Seperti pada satu sura kali ini sebuah kereta dijamasi. Kereta ini dibuat pada tahun 1750-an, semasa pemerintahan Sultan Hamengku Buwono I, diberi nama Kanjeng Nyai Jimat. Kereta itu menjadi tunggangan Sultan Hamengku Buwono I – III. Kereta itulah yang setiap bulan Sura selalu dijamasi karena dianggap sebagai kereta cikal-bakal kereta lainnya. Kereta ini berbentuk anggun, bergaya kereta kerajaan-kerajaan Eropa, beroda empat, dua buah yang besar di belakang, dan dua buah di depan agak kecil, diperkirakan ditarik oleh enam sampai delapan kuda. Sebuah simbol kewibawaan seorang raja. Kereta yang penuh ukiran itu sendiri memiliki pintu dan atap sehingga mirip mobil.
Kereta itu tersimpan di dalam Museum Kereta Keraton Yogyakarta. Di sana ada sekitar selusin kereta yang sebagian besar masih bisa digunakan. Setiap Kanjeng Nyai Jimat dijamasi, ”ia” selalu ditemani oleh salah sebuah kereta lain yang dipilih secara bergantian setiap tahunnya.
Setelah itu giliran Kyai Puspakamanik, sebuah kereta hadiah dari Kerajaan Belanda yang dibuat pada tahun 1901. Kereta itu menjadi tumpangan para pangeran pada pemerintahan Sultan Hamengku Buwono VIII. Jamasan dipimpin oleh Kanjeng Raden Tumenggung Kudadiningrat, seorang pejabat keraton yang khusus menangani masalah perawatan kereta.
Ketika proses pencucian kereta memiliki nilai ritual magis religius. Ratusan orang yang menyaksikan jamasan itu berebut bekas air cucian kereta dengan cara menampung aliran air dari badan kereta. Air bekas cucian itu dimasukkan ke dalam botol bekas air kemasan maupun jerigen. Tak ayal lagi, masyarakat yang berebut air itu pun menjadi ikut berbasah-basah. Air bekas cucian ini dipercaya, semua benda dari keraton itu memiliki tuah yang sakti sebab benda-benda ini adalah milik orang sakti. Oleh karena itu dengan membawa air ini, masyarakat berharap, keluarganya menjadi sakti. Artinya, sehat wal afiat.

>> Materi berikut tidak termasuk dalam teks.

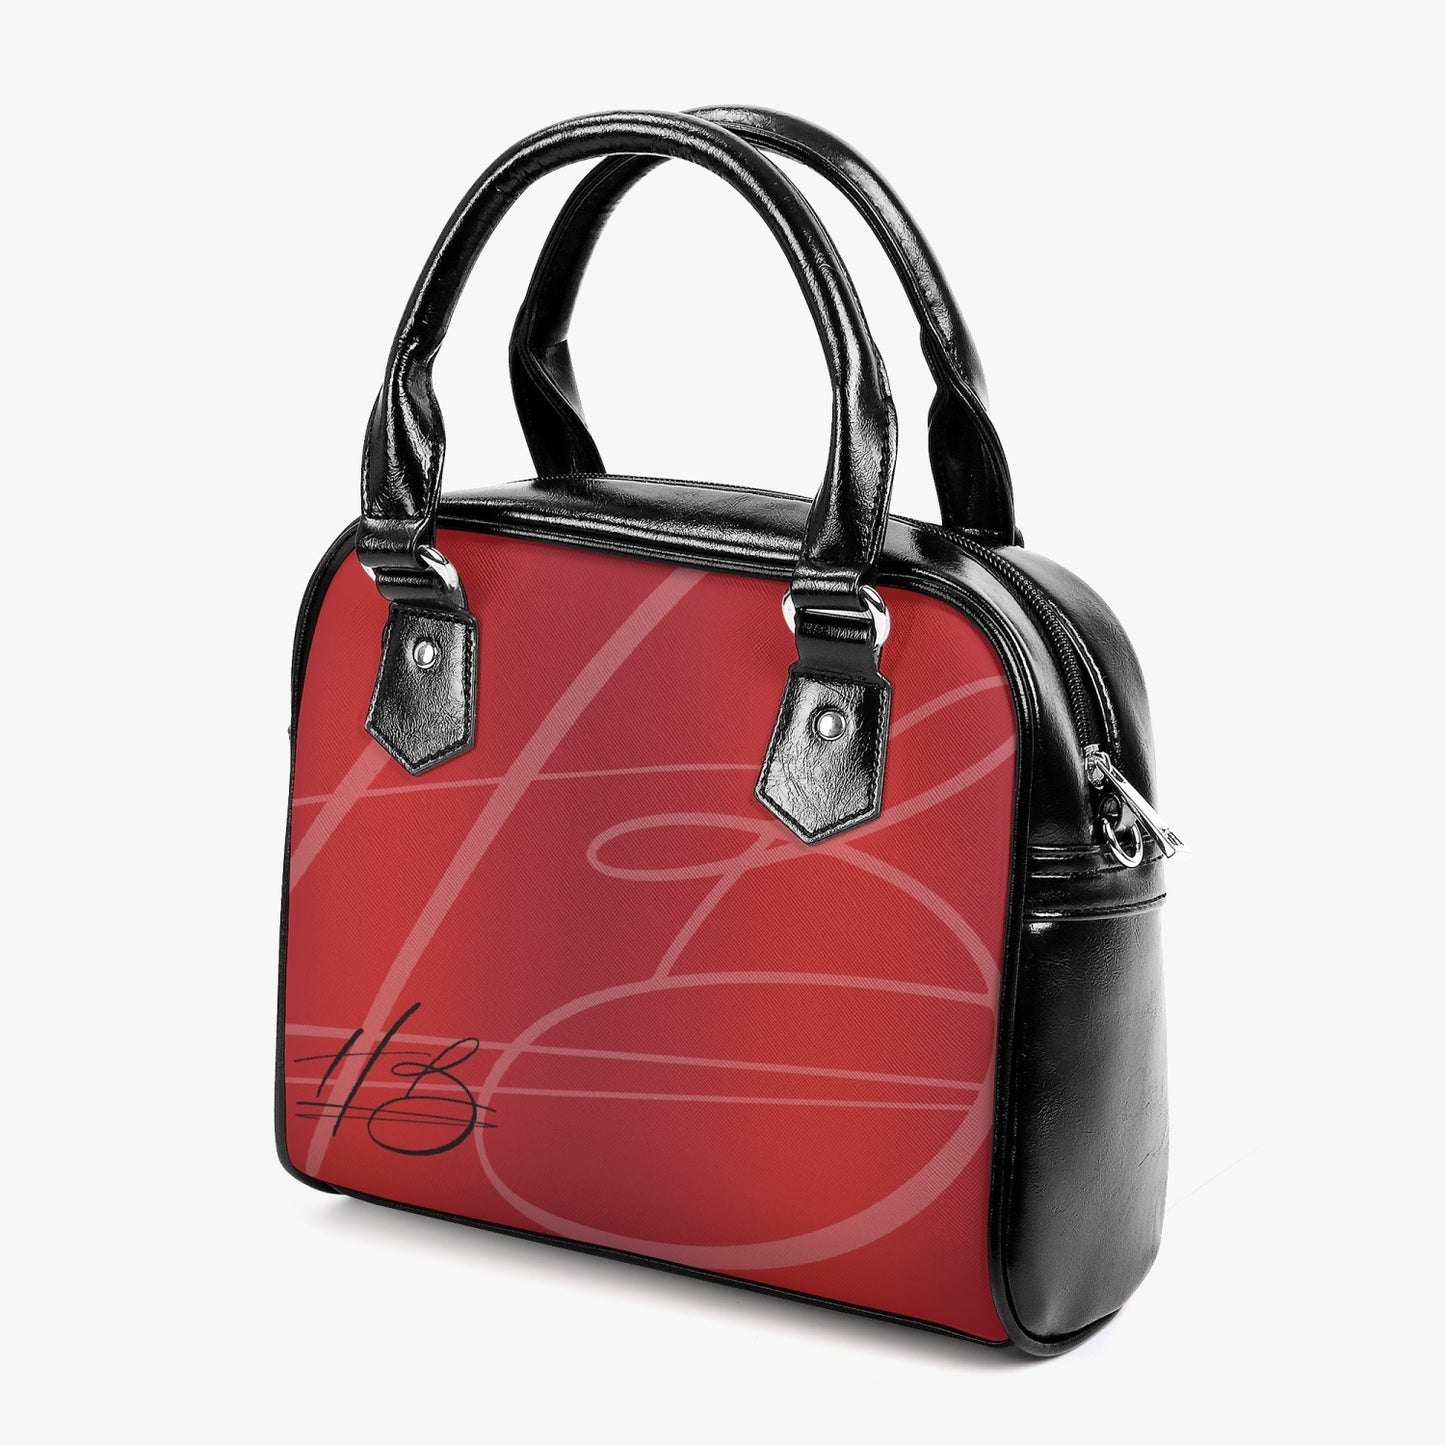 HB Vegan Leather Shoulder Bag - Ruby

Sebenarnya, di samping jamasan kereta, di dalam keraton juga ada jamasanpusaka. Akan tetapi, jamasan pusaka itu tidak boleh dilihat oleh umum. Misteri jamasan pusaka itu sendiri akhirnya memang tinggal misteri yang dipelihara turun-temurun. Semisteri pusaka yang dipercayai memiliki kekuatan supra natural itu sendiri.